Meet the Farmer – Peak Health

Meet the Farmer – Peak Health

meet the farmer

PEAK HEALTH

The Hodge family grows and forages to create healing medicine.

WRITTEN BY CHRISTINA NELLEMANN
PHOTOS COURTESY OF TINA HODGE (PRODUCT SHOTS BY ASA GILMORE)

Tina Hodge is more in touch with nature than most of us. She almost seems to share a special language with it.

“Both medicinal and edible plants are very friendly and want to help us,” Hodge says. “You don’t usually get that from pharmaceuticals.”

Through Eagle Peak Herbals, she produces and sells health care products for both humans and animals made from more than 100 sustainably grown and ethically wild-harvested herbs that flourish on the family-owned company’s property in the mountains above Surprise Valley, Calif.

Hodge was trained as an organic farm inspector, herbalist, and fiber artist. Some of her plant education has come from experienced Native American medicine people.

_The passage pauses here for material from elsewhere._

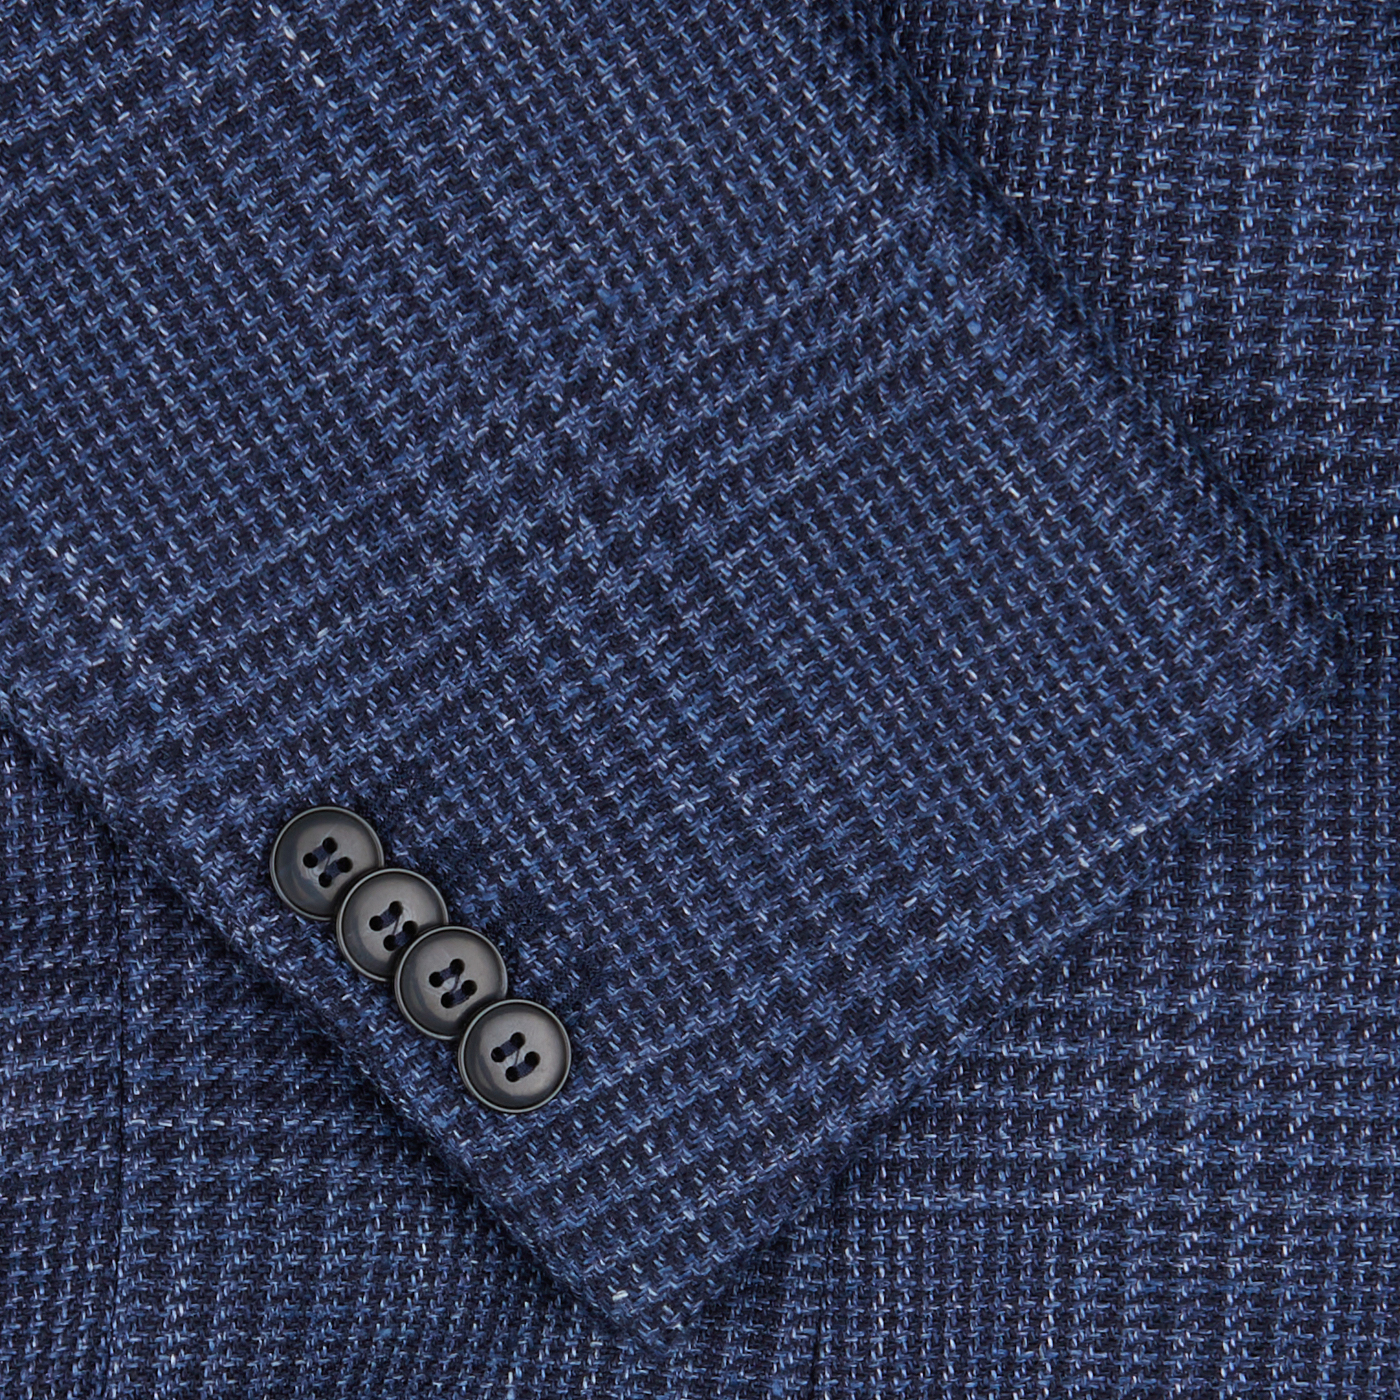 Close-up of a Studio 73 Dark Blue Checked Wool Linen Blazer fabric with a herringbone pattern and a row of buttons.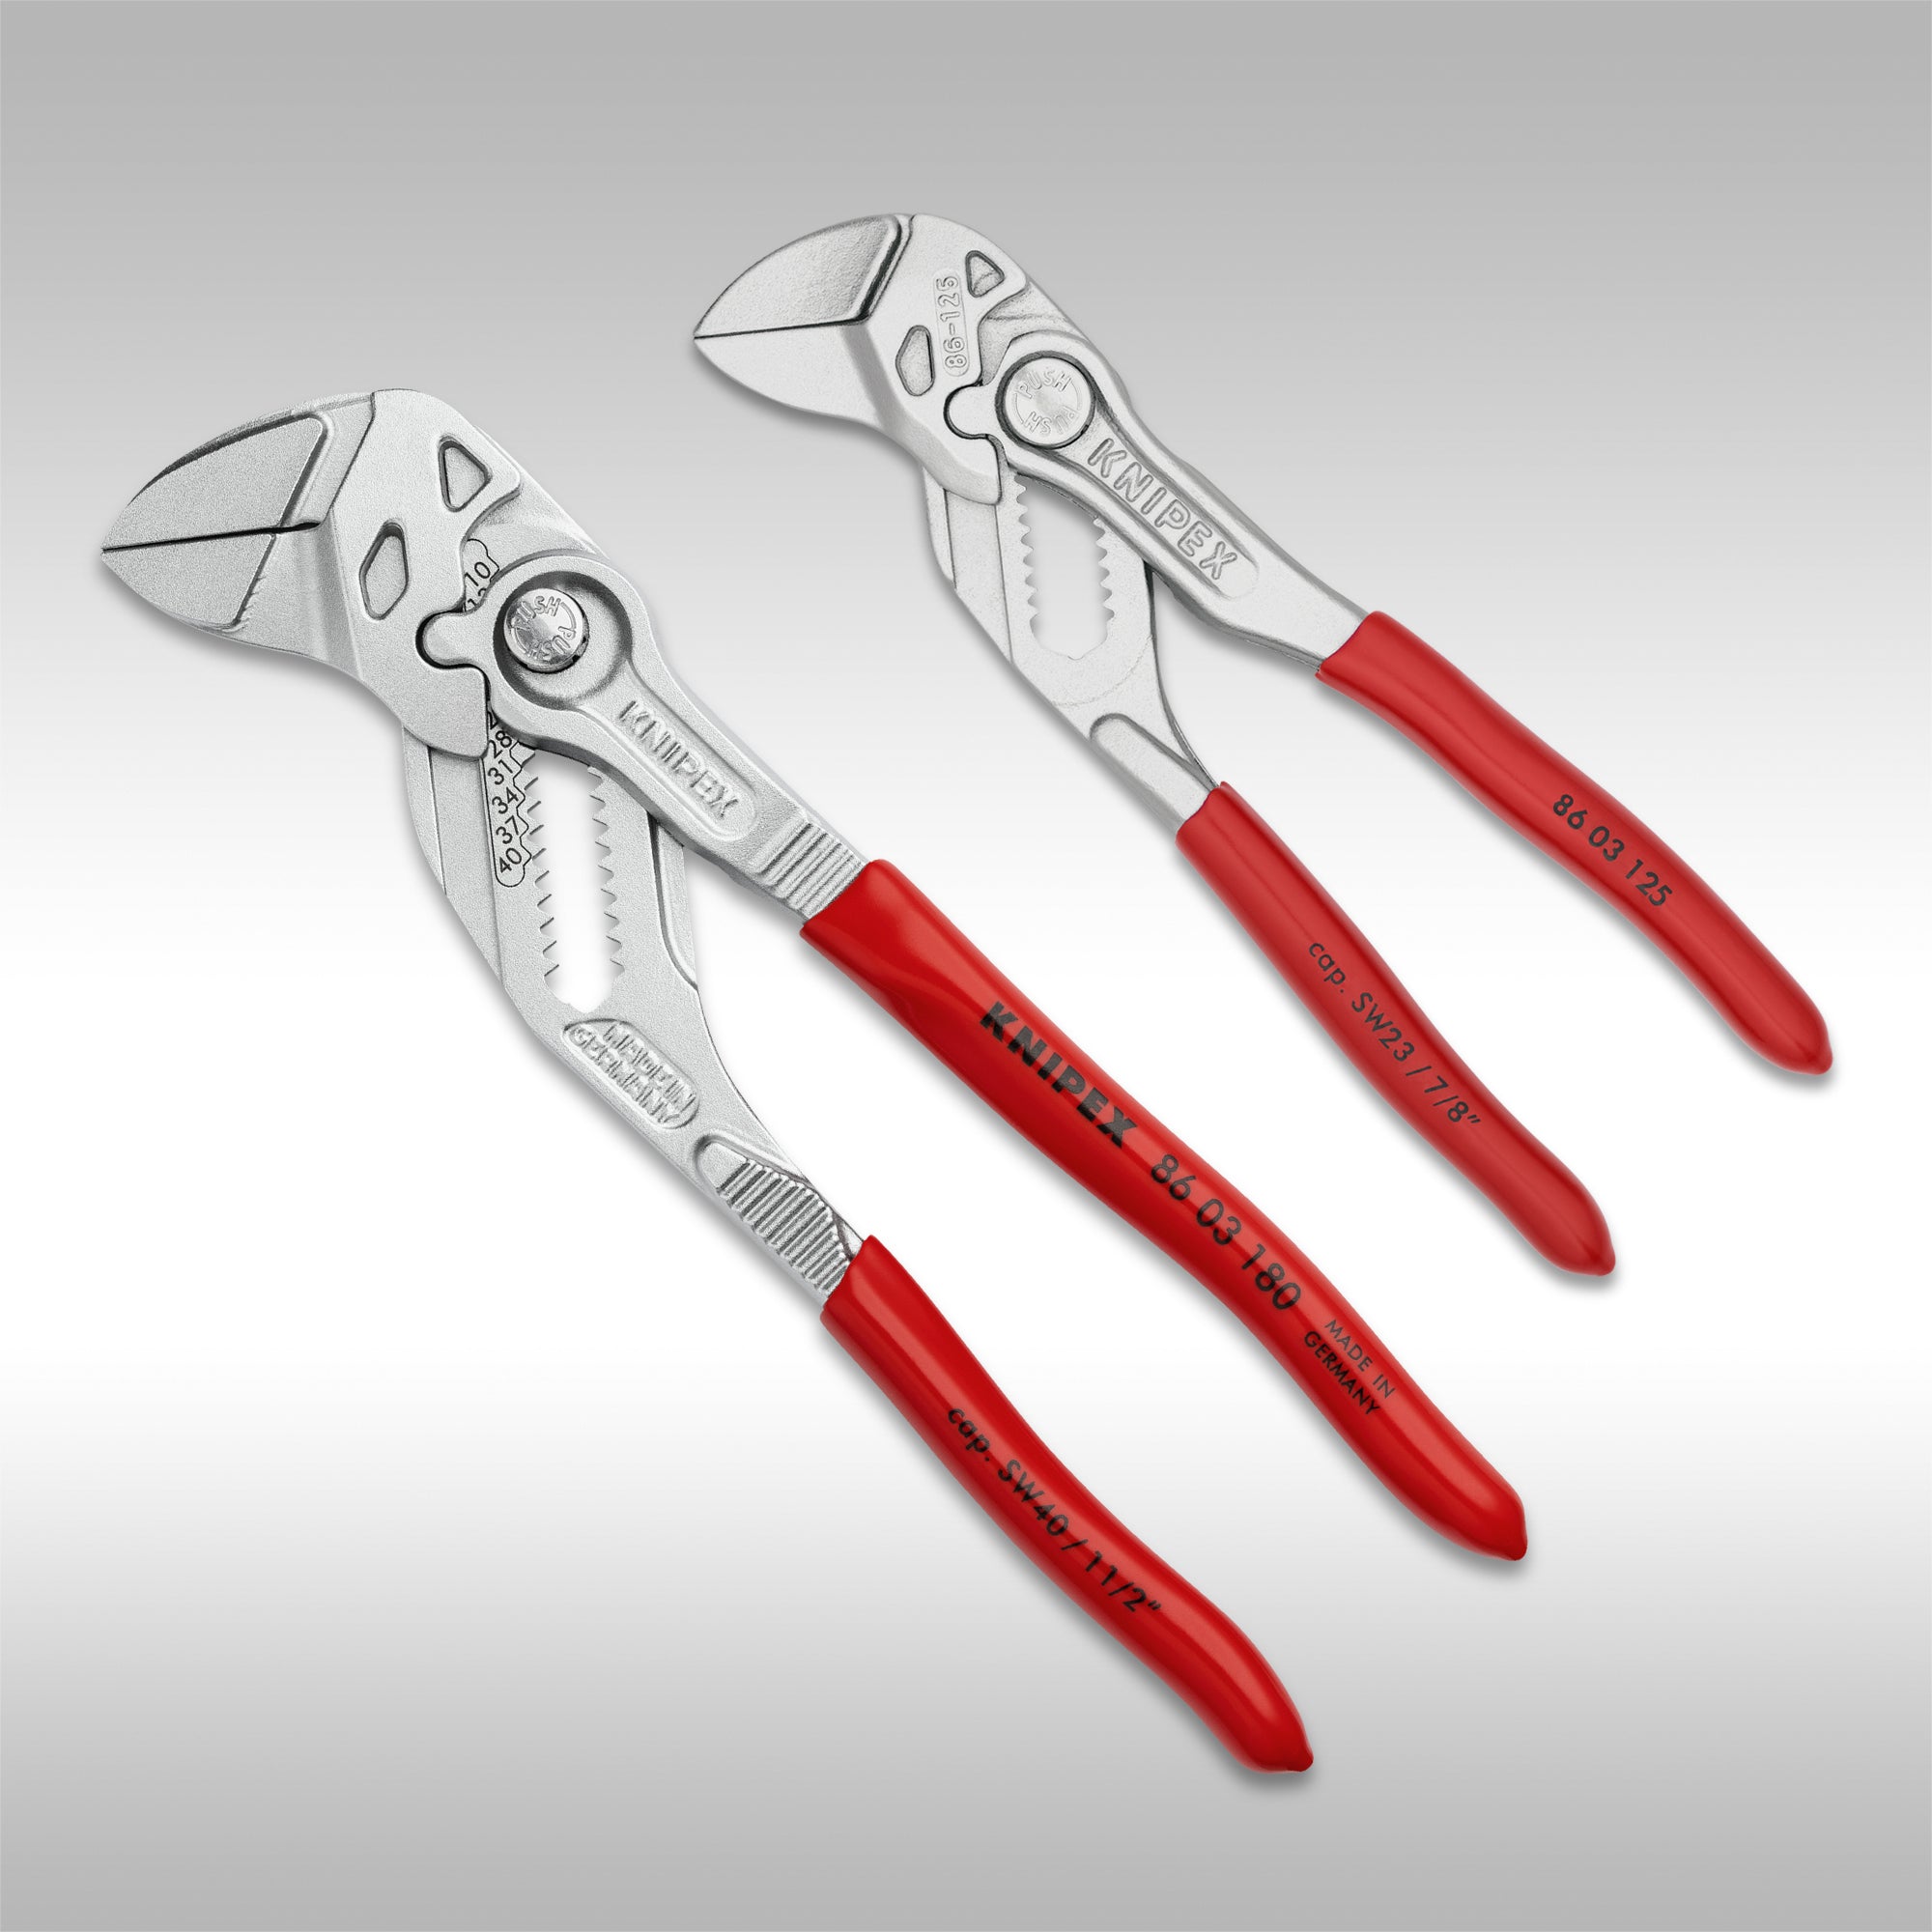 KNIPEX - 2PC MINI PLIERS WRENCH SET - 5" & 7 1/4"

“I’m at a point now where the plants themselves teach me, which is really sweet of them,” she says.

Wilderness escape

In the early 1980s, Tina, her husband Bill, their two young daughters, various pets, a pony, and a small llama herd came to Modoc County from the California coast after finding out their seaside home was being subjected to dioxin-based herbicides from commercial redwood logging. They spent three years looking for a place with clean water and pure air, and where development would not be a factor in their lifetime. Located at 6,100 feet elevation, their land sits above remote Eagleville — about 15 miles from Cedarville and three hours north of Reno.

“We decided to look for land with federal wilderness as a watershed,” Hodge says. “So we bought 162 acres of private land within the South Warner Wilderness.”

The Hodges camped for 14 summers on the land in a tipi with an outdoor kitchen while they built their house, planted gardens, and home-schooled their children. The completed Hodge home still is off the grid.

Out of the 162 acres, about one acre is terraced to accommodate the main herb garden below the family’s underground ferro-cement home, which Bill built. Echinacea grows on another quarter of an acre, mint flourishes by a pond, and more than 30 wild medicinal herbs sprout around the property’s three creeks and 20 springs. All of the water originates in the South Warner Wilderness or on their land.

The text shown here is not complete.